The Reserve Bank has published two consultation papers on the implementation of the Deposit Takers Act 2023 (DT Act). The first consultation paper is on the use of "restricted words", being "bank", "banker" and "banking". The second consultation paper seeks feedback on the proposed regulatory perimeter of the DT Act.
The two consultation papers are related. The second consultation paper concerns which types of entities will be able to become licensed deposit takers and therefore authorised to use restricted words under the proposals contained in the first consultation paper.
The consultations will be relevant to:
- existing registered banks and licensed non-bank deposit takers (NBDTs);
- fintechs that offer bank-like services and products who may be interested in using restricted words; and
- overseas banks that rely on the current class authorisation regime to undertake limited wholesale activities in New Zealand.
In this insight, we summarise the proposals in the two consultation papers. If you have any questions about the consultation papers, or the implementation of the DT Act more generally, please get in touch with one of our experts.
Submissions on the consultations are due on 24 November 2025.
Consultation paper 1: Restrictions on the use of the word "bank"
Currently only registered banks and certain overseas banks that do not have a place of business in New Zealand and rely on a class authorisation are able to use the term "bank" in their name and in advertisements.
A key recommendation from the Commerce Commission's market study into personal banking services was that the Reserve Bank should review who is able to use the term "bank". Submissions claimed that the current restrictions hinder competition and confuse consumers – in particular, the inability of NBDTs that are prudentially regulated by the Reserve Bank and are covered by the Depositor Compensation Scheme to use restricted words. This workstream was identified as a priority by the Minister of Finance in her letter of expectations to the Reserve Bank.
The consultation paper contains two proposals:
- The Reserve Bank proposes that all licensed deposit takers (including those that operate as branches in New Zealand) will be authorised to use restricted words. This will include NBDTs (who cannot currently use restricted words) that become licensed deposit takers. Fintechs that provide bank-like products and services but that are not licensed deposit takers – and therefore not prudentially regulated and supervised by the Reserve Bank – would not be permitted to use restricted words.

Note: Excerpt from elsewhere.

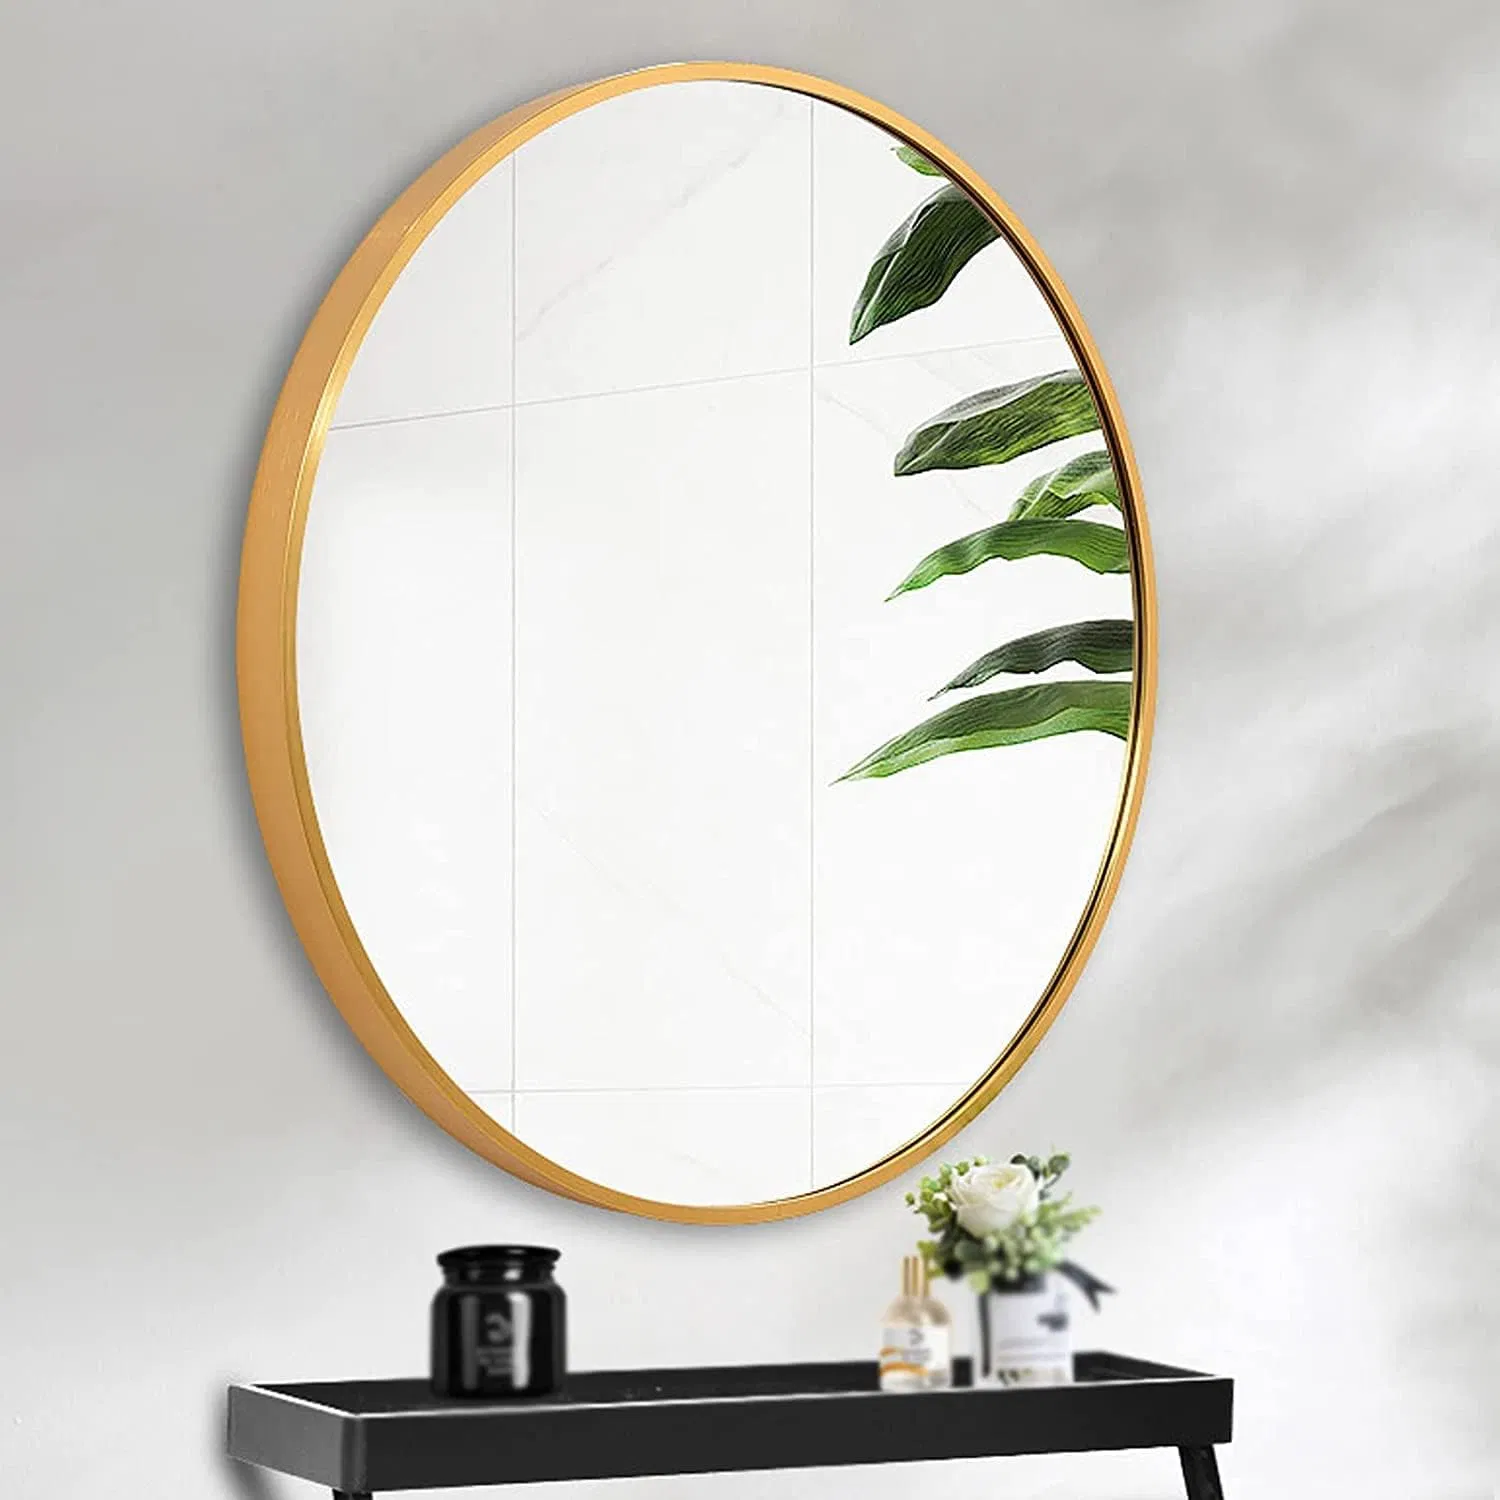 مربع الديكور الذهبي مرآة مستديرة سوداء مستطيلة الشكل أرضية دائمة الحمام المعدني كامل الطول مكياج مرآة تعليق الجدار ذات إطار من الألومنيوم

- The Reserve Bank proposes to carry over the existing policy approach to authorising overseas banks that do not have a place of business in New Zealand by issuing a new class authorisation under the DT Act with broadly the same scope and conditions. The Reserve Bank is seeking feedback on whether other wholesale activities should be permitted under the new class authorisation.
The Reserve Bank intends to announce its final decision in early 2026. The Reserve Bank proposes that these changes will be effective once the DT Act is full in force (which is expected to be December 2028) and will be implemented via separate class authorisations.
Consultation paper 2: Regulatory perimeter
The DT Act will be an activities-based regime – meaning that every person who carries on business as a deposit taker must be licensed.
The definition of "deposit taker" is set out in clause 2 of Schedule 2 of the DT Act. Certain parts of the definition rely on details to be prescribed in Orders in Council and regulations to be made under the DT Act, which are the subject matter of the consultation paper.
The Reserve Bank is consulting on the following proposals:
- The Reserve Bank proposes that the existing classes of entities that have been declared not to be an NBDT for the purposes of the Non-bank Deposit Takers Act 2013 (NBDT Act) (e.g. intra-group funding vehicles, payment facility providers, special purpose vehicles and charities that meet certain criteria and Public Trust) will be declared not to be deposit takers for the purposes of the DT Act. This may not be necessary in every case given that the definition of "deposit taker" does not include "providing financial services" and therefore some entities that are currently caught by the NBDT Act may not be caught by the DT Act.
- The Reserve Bank does not propose to "declare in" fintechs that offer bank-like services and products that do not otherwise meet the definition of "deposit taker" (i.e. because they are not carrying on business of lending and borrowing). However, this would also mean that fintechs that do not meet the definition of "deposit taker" will not be entitled to use the term "bank" under the proposal in the first consultation paper. The Reserve Bank says that it will continue to monitor developments in the fintech sector to determine whether certain fintechs or classes of fintechs should be required to be licensed under the DT Act.
- The Reserve Bank proposes to introduce criteria to narrow the definition of "specified overseas entity" (which is one of the limbs of the definition of "deposit taker") to exclude overseas banks that have no physical presence in New Zealand. This proposal is intended to maintain the status quo regulatory perimeter whereby overseas banks that have a place of business in New Zealand are required to register as a branch in New Zealand while overseas banks that have no physical presence in New Zealand may rely on the class authorisation regime rather than become registered in New Zealand.